▶ **TASK DESCRIPTION**
Each line of the data has to be transcribed exactly.
========
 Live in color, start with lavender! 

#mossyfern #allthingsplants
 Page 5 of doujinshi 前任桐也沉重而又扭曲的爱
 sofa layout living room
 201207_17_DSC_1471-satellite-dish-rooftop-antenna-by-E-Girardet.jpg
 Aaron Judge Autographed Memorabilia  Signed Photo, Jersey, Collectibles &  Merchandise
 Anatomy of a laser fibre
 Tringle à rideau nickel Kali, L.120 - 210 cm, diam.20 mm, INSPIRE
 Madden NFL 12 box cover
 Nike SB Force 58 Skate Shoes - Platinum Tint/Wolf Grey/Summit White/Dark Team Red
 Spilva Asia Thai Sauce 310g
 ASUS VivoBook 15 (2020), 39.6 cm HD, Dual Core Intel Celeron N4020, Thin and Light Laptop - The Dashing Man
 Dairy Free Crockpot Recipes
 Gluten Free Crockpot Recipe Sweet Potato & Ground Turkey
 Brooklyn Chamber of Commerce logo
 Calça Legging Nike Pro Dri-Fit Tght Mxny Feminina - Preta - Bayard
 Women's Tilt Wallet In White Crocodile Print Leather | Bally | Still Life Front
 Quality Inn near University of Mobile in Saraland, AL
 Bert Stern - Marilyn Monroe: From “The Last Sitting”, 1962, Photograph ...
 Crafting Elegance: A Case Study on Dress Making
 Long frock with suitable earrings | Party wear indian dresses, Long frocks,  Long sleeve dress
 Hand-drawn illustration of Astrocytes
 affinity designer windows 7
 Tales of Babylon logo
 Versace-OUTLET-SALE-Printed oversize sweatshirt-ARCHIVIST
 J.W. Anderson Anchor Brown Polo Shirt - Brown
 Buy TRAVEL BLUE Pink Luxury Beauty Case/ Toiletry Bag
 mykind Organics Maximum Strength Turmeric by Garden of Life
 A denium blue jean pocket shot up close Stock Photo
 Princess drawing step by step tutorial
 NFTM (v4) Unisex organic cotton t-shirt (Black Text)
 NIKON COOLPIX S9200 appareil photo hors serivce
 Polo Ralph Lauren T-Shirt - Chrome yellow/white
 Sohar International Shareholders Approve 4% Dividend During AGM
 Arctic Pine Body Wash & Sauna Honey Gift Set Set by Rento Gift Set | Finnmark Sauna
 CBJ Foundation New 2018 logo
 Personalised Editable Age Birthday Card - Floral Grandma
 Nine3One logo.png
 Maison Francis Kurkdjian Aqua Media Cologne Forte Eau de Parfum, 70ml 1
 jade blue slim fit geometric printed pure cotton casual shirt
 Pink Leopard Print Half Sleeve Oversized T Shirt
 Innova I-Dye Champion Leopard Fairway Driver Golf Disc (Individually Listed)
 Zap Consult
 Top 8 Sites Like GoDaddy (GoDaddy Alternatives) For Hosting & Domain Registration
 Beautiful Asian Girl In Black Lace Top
========
▶ **REPLY TO THE EXERCISE**
 Live in color, start with lavender! 

#mossyfern #allthingsplants
 Page 5 of doujinshi 前任桐也沉重而又扭曲的爱
 sofa layout living room
 201207_17_DSC_1471-satellite-dish-rooftop-antenna-by-E-Girardet.jpg
 Aaron Judge Autographed Memorabilia  Signed Photo, Jersey, Collectibles &  Merchandise
 Anatomy of a laser fibre
 Tringle à rideau nickel Kali, L.120 - 210 cm, diam.20 mm, INSPIRE
 Madden NFL 12 box cover
 Nike SB Force 58 Skate Shoes - Platinum Tint/Wolf Grey/Summit White/Dark Team Red
 Spilva Asia Thai Sauce 310g
 ASUS VivoBook 15 (2020), 39.6 cm HD, Dual Core Intel Celeron N4020, Thin and Light Laptop - The Dashing Man
 Dairy Free Crockpot Recipes
 Gluten Free Crockpot Recipe Sweet Potato & Ground Turkey
 Brooklyn Chamber of Commerce logo
 Calça Legging Nike Pro Dri-Fit Tght Mxny Feminina - Preta - Bayard
 Women's Tilt Wallet In White Crocodile Print Leather | Bally | Still Life Front
 Quality Inn near University of Mobile in Saraland, AL
 Bert Stern - Marilyn Monroe: From “The Last Sitting”, 1962, Photograph ...
 Crafting Elegance: A Case Study on Dress Making
 Long frock with suitable earrings | Party wear indian dresses, Long frocks,  Long sleeve dress
 Hand-drawn illustration of Astrocytes
 affinity designer windows 7
 Tales of Babylon logo
 Versace-OUTLET-SALE-Printed oversize sweatshirt-ARCHIVIST
 J.W. Anderson Anchor Brown Polo Shirt - Brown
 Buy TRAVEL BLUE Pink Luxury Beauty Case/ Toiletry Bag
 mykind Organics Maximum Strength Turmeric by Garden of Life
 A denium blue jean pocket shot up close Stock Photo
 Princess drawing step by step tutorial
 NFTM (v4) Unisex organic cotton t-shirt (Black Text)
 NIKON COOLPIX S9200 appareil photo hors serivce
 Polo Ralph Lauren T-Shirt - Chrome yellow/white
 Sohar International Shareholders Approve 4% Dividend During AGM
 Arctic Pine Body Wash & Sauna Honey Gift Set Set by Rento Gift Set | Finnmark Sauna
 CBJ Foundation New 2018 logo
 Personalised Editable Age Birthday Card - Floral Grandma
 Nine3One logo.png
 Maison Francis Kurkdjian Aqua Media Cologne Forte Eau de Parfum, 70ml 1
 jade blue slim fit geometric printed pure cotton casual shirt
 Pink Leopard Print Half Sleeve Oversized T Shirt
 Innova I-Dye Champion Leopard Fairway Driver Golf Disc (Individually Listed)
 Zap Consult
 Top 8 Sites Like GoDaddy (GoDaddy Alternatives) For Hosting & Domain Registration
 Beautiful Asian Girl In Black Lace Top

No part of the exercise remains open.